Sucede que "sostenibilidad" no se escapa tampoco del riesgo de reduccionismo, en este caso a la cuestión ambiental. ¿Cuánta gente no hace su capa un sayo, y forma un único paquete -digamos- semántico con ecología, sostenibilidad y ambientalismo? Y, además, la venerada sostenibilidad no escapa tampoco al riesgo de ambigüedades. Si vamos a la clásica definición de desarrollo sostenible que popularizó el informe Brundtland ("aquel que satisface las necesidades del presente sin comprometer las necesidades de las futuras generaciones"), con ella disponemos de un marco de referencia inspirador y orientador, pero tal vez demasiado abierto: la comprensión de lo que es una necesidad no es algo establecido definitivamente, sino que depende necesariamente de patrones culturales y del nivel tecnológico de cada sociedad. Sin embargo, tener la sostenibilidad como referencia tiene un gran valor desde mi punto de vista: da prioridad a la sociedad (y, consecuentemente, el papel que juegan las empresas) y no a las empresas consideradas una a una y reducidas a los impactos que generan; paradójicamente es una aproximación más intensa, inclusiva y exigente en términos "sociales" ... si se toma en serio.
A menudo se ha dicho que hablar de sostenibilidad incluye hablar de prosperidad económica, calidad ambiental y justicia social. Personalmente, me gusta más que la simplificadora trilogía de económico-social-ambiental. Huelga decir que esta trilogía tiene su efecto y, por lo menos, nos ayuda a evitar reduccionismos, como pensar la actividad económica sin considerar las dimensiones sociales y ambientales, por supuesto. Pero también a evitar aproximaciones ambientalistas que no consideren los componentes económicos y sociales. O a evitar efervescencias sociales a menudo tan exaltantes como despreciadoras de los requerimientos económicos y ambientales que las hagan posibles.
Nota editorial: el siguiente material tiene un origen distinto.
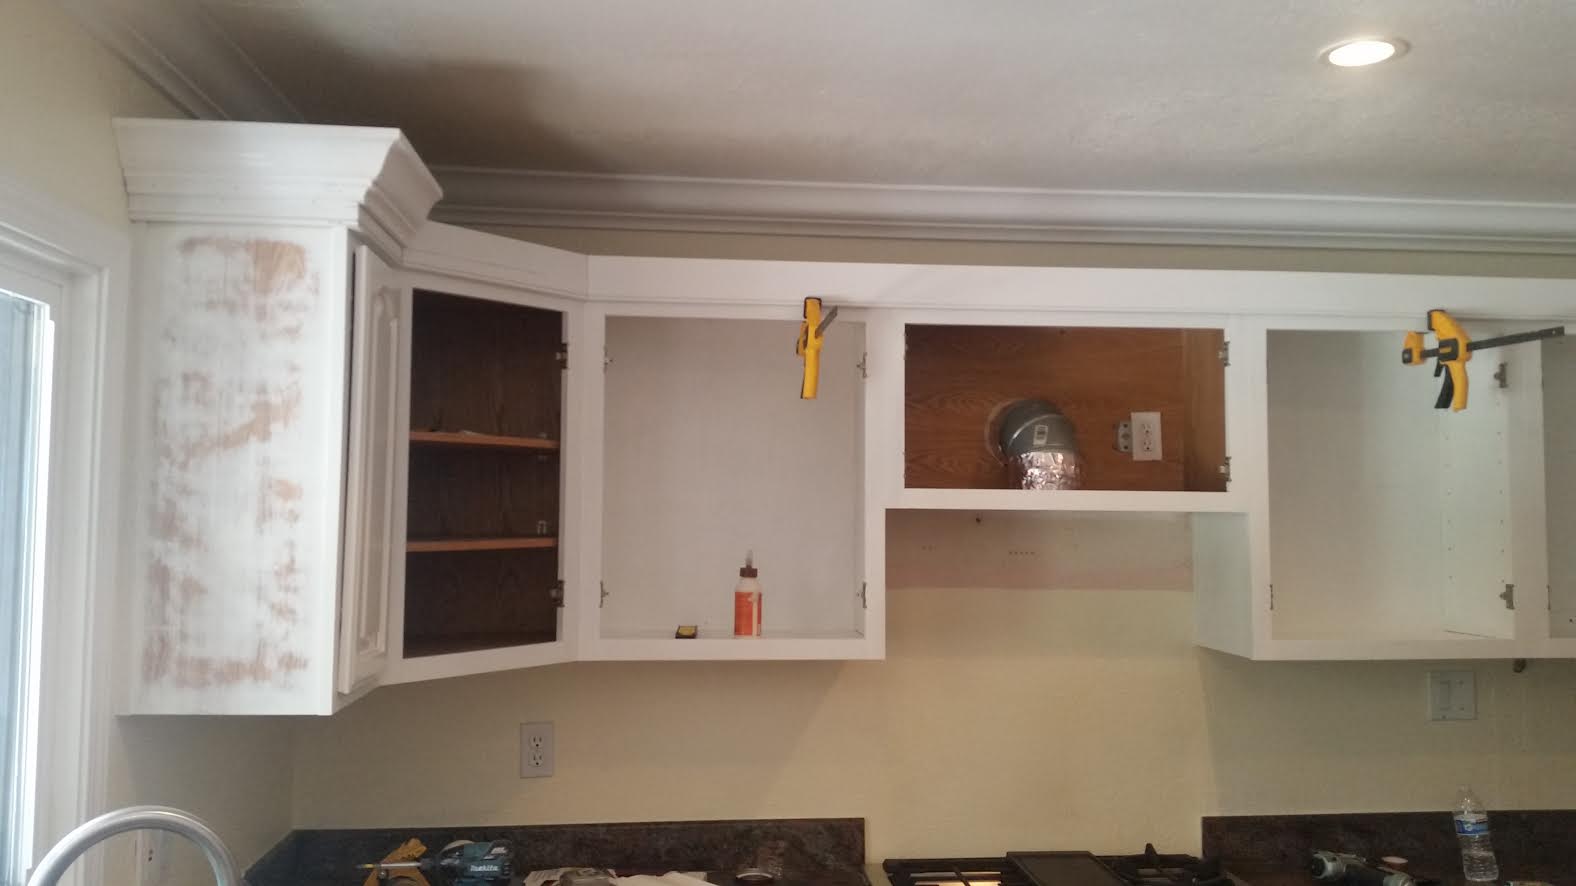 Kitchen cabinets before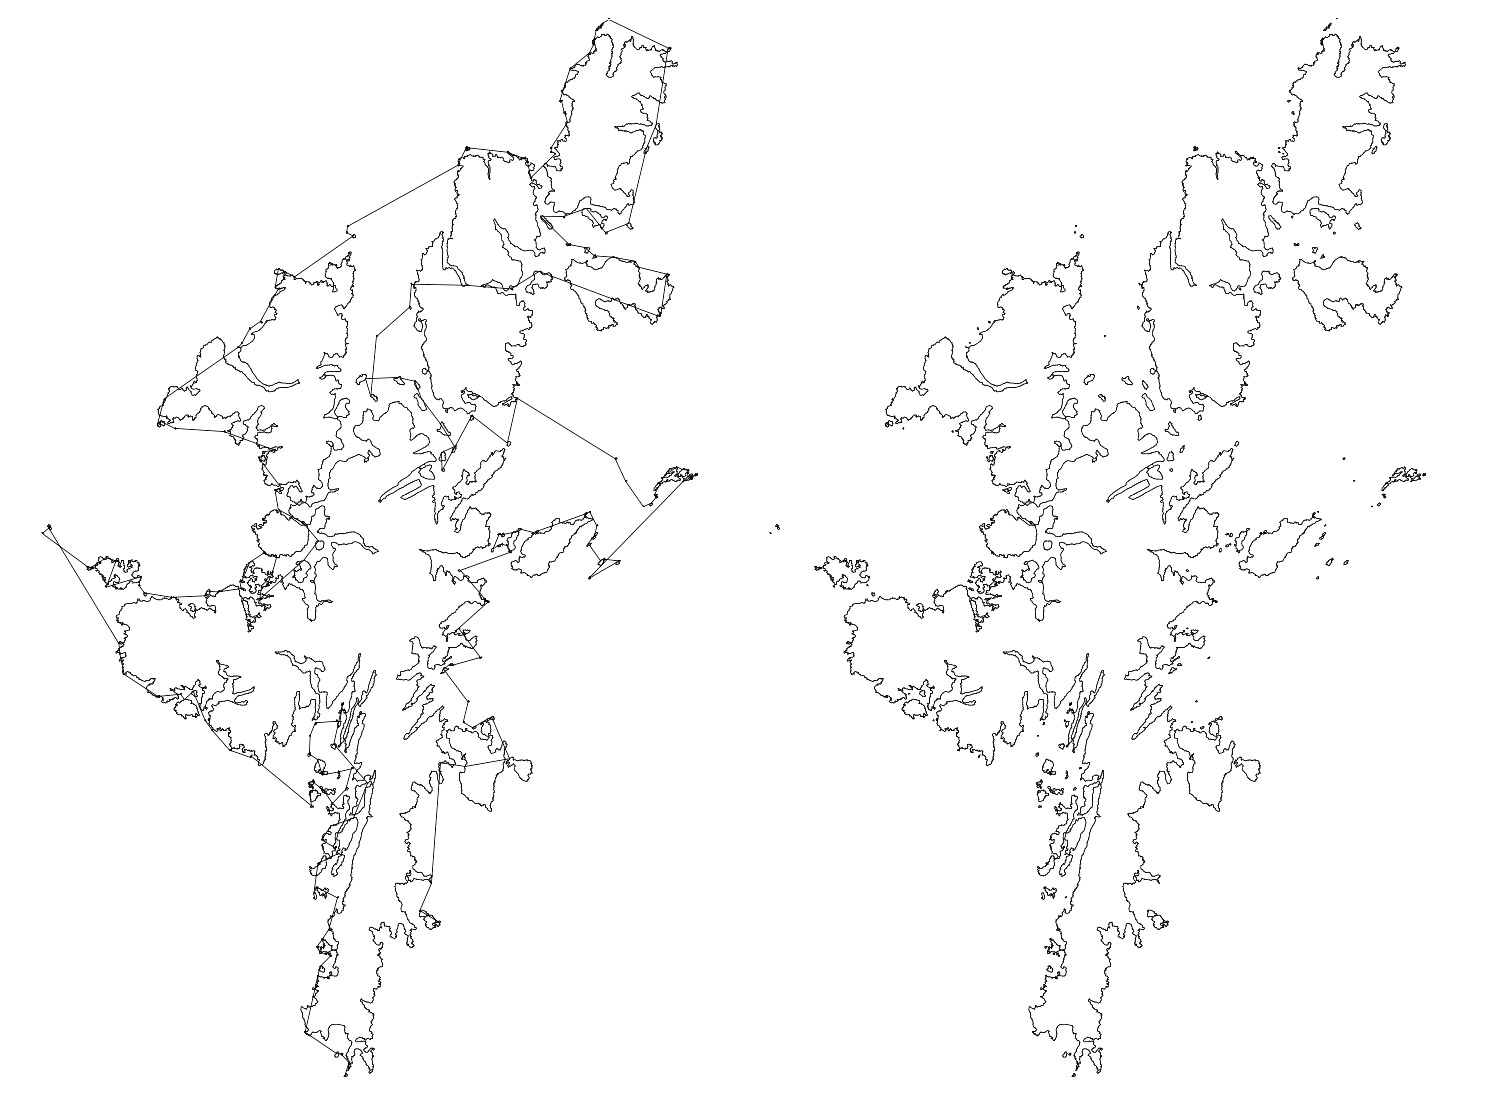 Shetland Islands with lines connecting each one to another

Pero yo quisiera insistir en la primera aproximación a la sostenibilidad porque considero que en ella encontramos uno de los grandes temas desaparecidos en el debate de la RSE. No me refiero a la prosperidad económica (que a ésta no la cuestiona nadie, incluso a falta de aclarar qué significa prosperidad) ni a la calidad ambiental, que con más o menos convicción permanece aún como referencia. Lo que ha desaparecido es la referencia a la justicia social. El término "social" de la RSE queda bien, y no me negaréis que siempre es más digerible si se le desconecta de la justicia. De hecho, siempre he sostenido que una de las características más sorprendentes (y, quizás, sospechosas) de la RSE es la desaparición de cualquier referencia en su abundante retórica a cualquier teoría de la justicia (o del bien común), lo que, por cierto, no sucedía cuando se hablaba de ética empresarial, término que, por las razones que sean, parece haber perdido todo glamour e interés, y que sólo se usa para exhalar monumentales jeremiadas que no llevan a ninguna parte pero que dejan muy tranquilos y descansados a quienes las protagonizan.
De acuerdo, pues: dejamos la RSE y pasamos a la sostenibilidad. Pero entonces empecemos a hablar seriamente también de justicia, tanto dentro como fuera de las empresas. La verdad: me encantaría que las empresas que dicen que apuestan por la sostenibilidad tuvieran una preocupación prioritaria por la justicia social, al menos en comparación -por un mínimo de coherencia- con las que no hablan tanto de sostenibilidad, por las razones que sean.
Porque el tema no es el nombre de la cosa.